Yesterday, Gov. Gavin Newsom released his 2024 budget proposal, one that includes a myriad of fixes to patch a deficit that the Department of Finance projects to be nearly $38 billion (previous deficit estimates from the Legislative Analyst’s Office had pegged the shortfall at $68 billion).
CHA has completed an initial overview of the proposal and how it might impact health care and hospitals. We’ll share a more detailed analysis next week after taking a closer look.
At first glance, it seems key health care programs have avoided any major direct hits, and the budget preserves critical managed care organization (MCO) tax investments as well as Medi-Cal rates. Still, the need to solve a $38 billion deficit will make it difficult to secure more resources to shore up struggling hospitals beyond this year’s Medi-Cal payment increases through the MCO tax and significant additional funding for behavioral health through the Proposition 1 ballot initiatives.
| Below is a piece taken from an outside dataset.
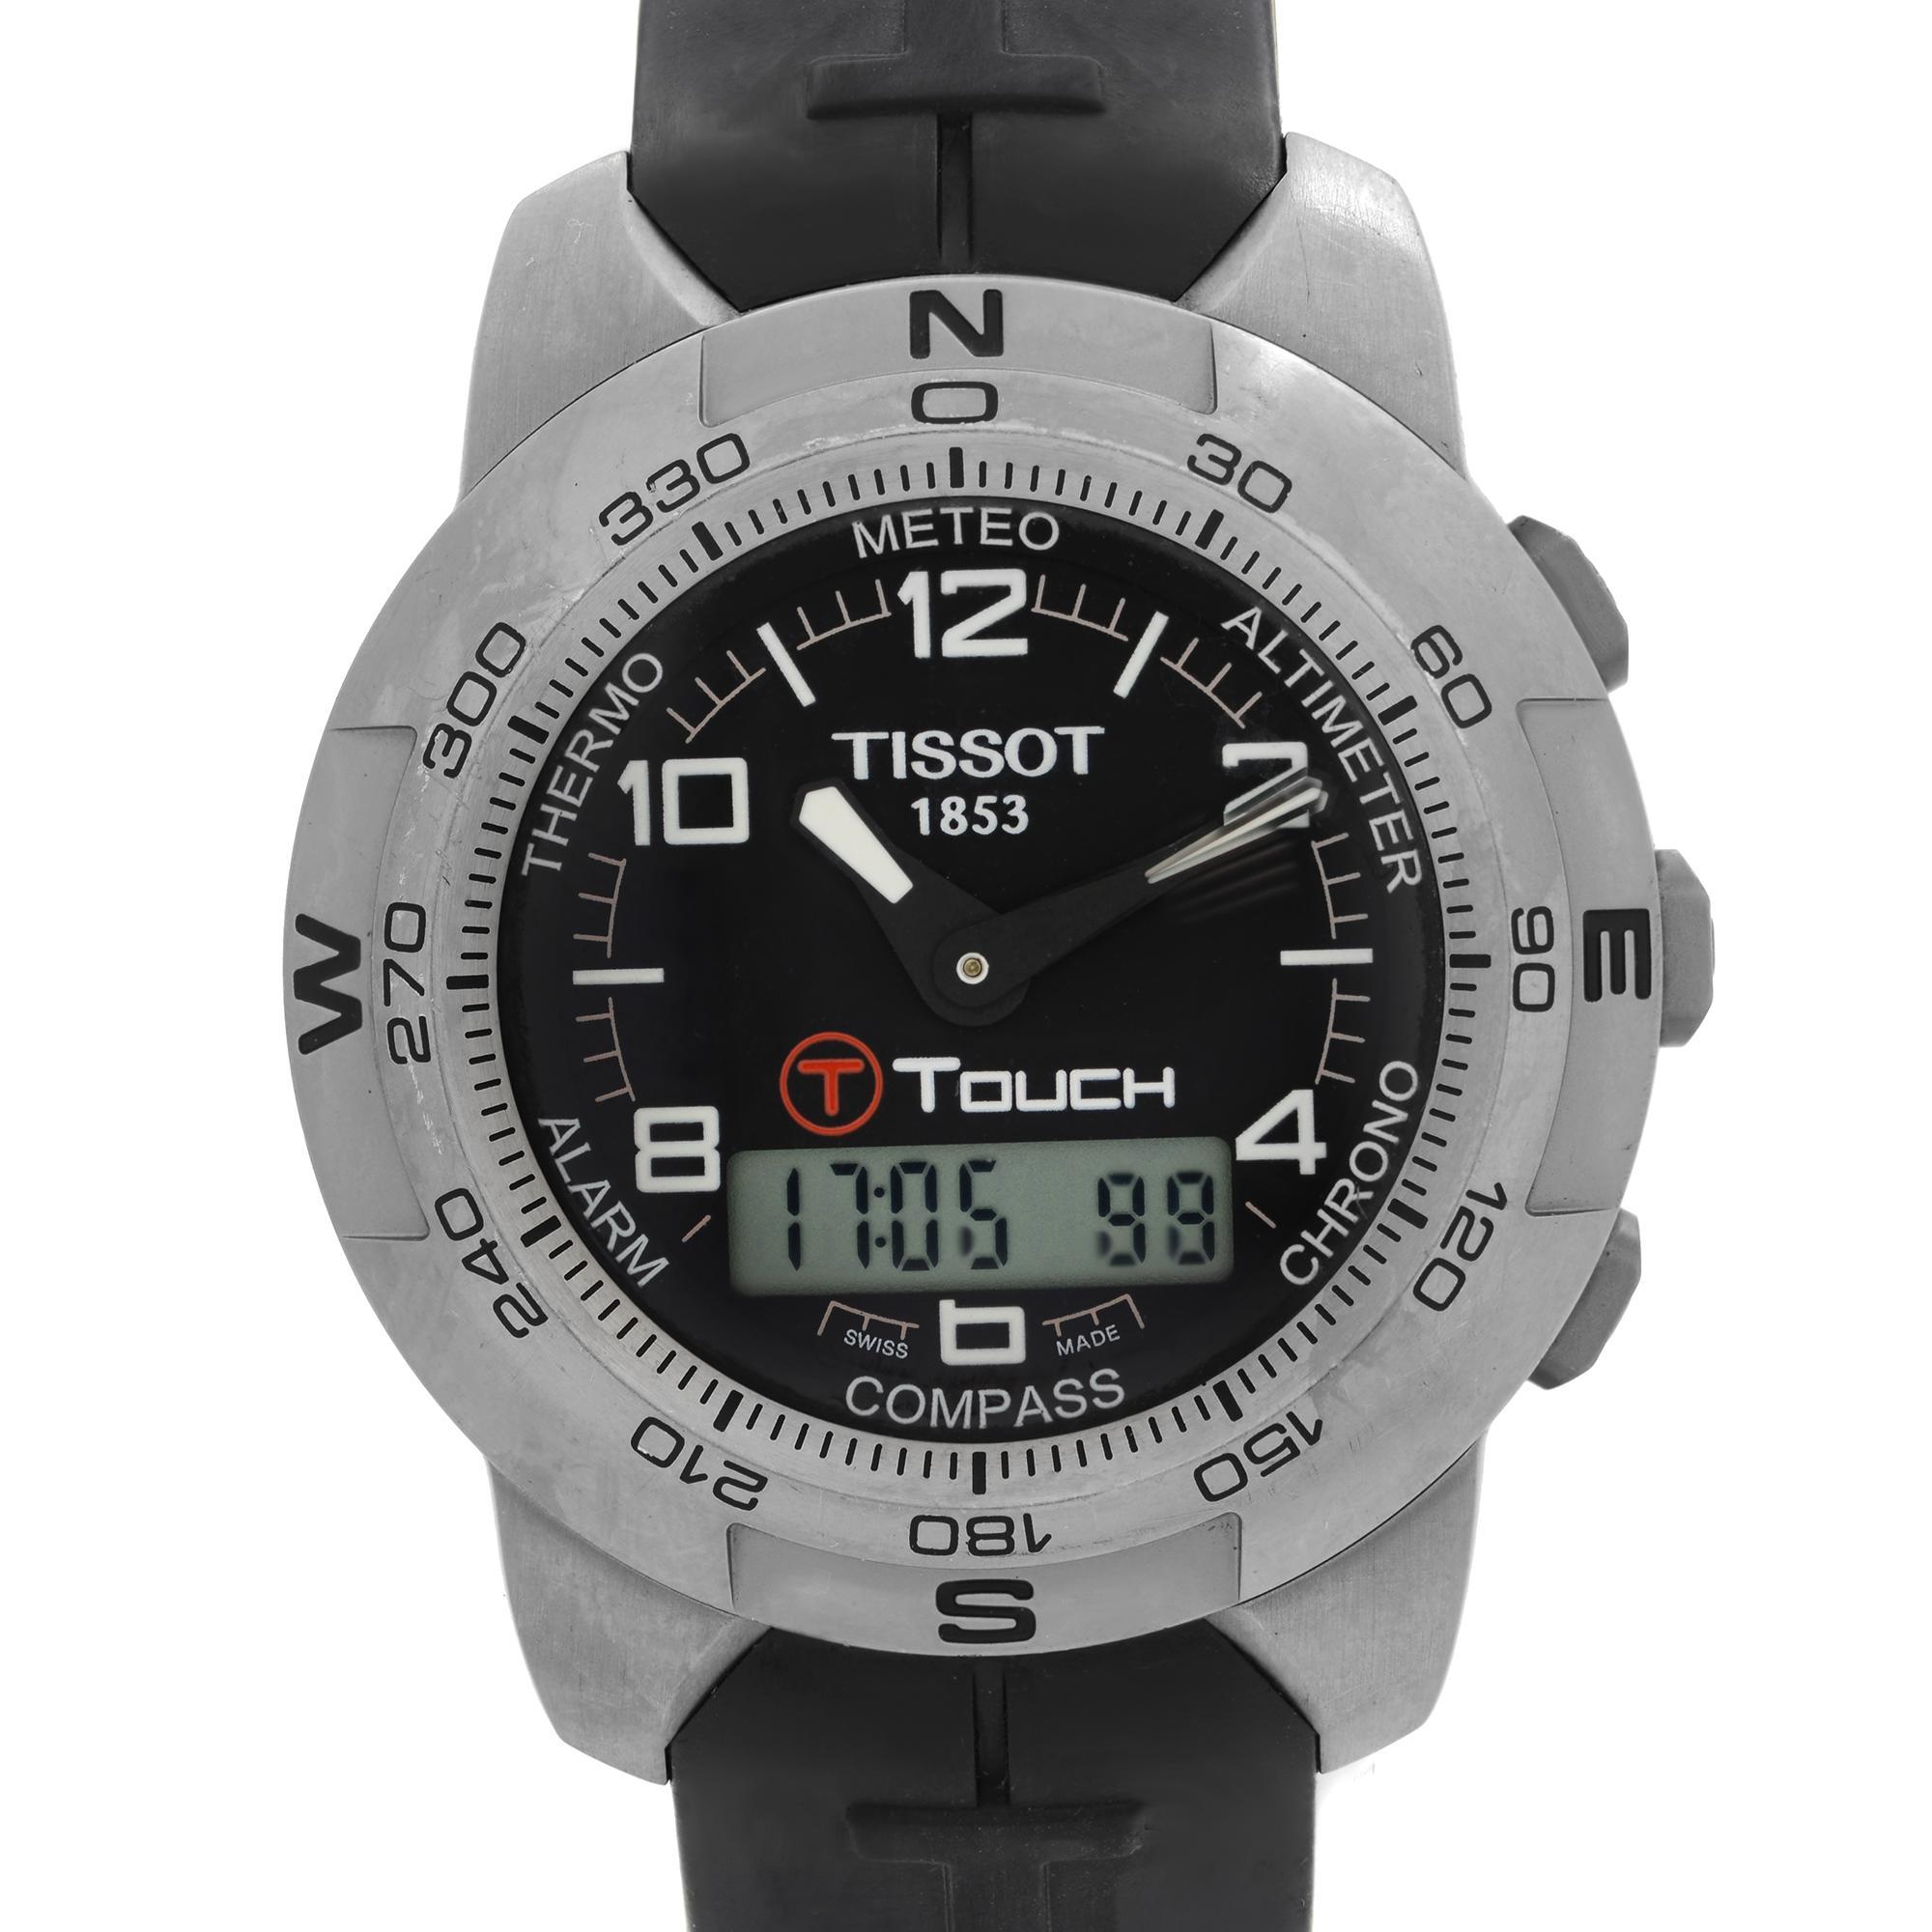 Pre-owned Tissot T-Touch Titanium Digital Black Dial Quartz Watch T047.420.47.057.00. Scratches on the Case, Bezel, and Clasp. This Beautiful Timepiece is Powered by Quartz (Battery) Movement and Features: Round Titanium Case with a Black Rubber

Even with a reduced deficit projection, this year’s budget shortfall remains a reflection of the great challenges facing California’s economy now, and in the years to come. In such an environment, every sector — education, transportation, environment, and more — will be fighting over the same finite pool of resources to keep themselves whole.
For hospitals, as this proposal makes its way through the Legislature, this will mean continued vigilance to protect necessary, fundamental investments in health care. We may have to work to ensure investments in things like greater access to behavioral health services, preserving emergency care, and protecting care in remote rural communities are not sacrificed.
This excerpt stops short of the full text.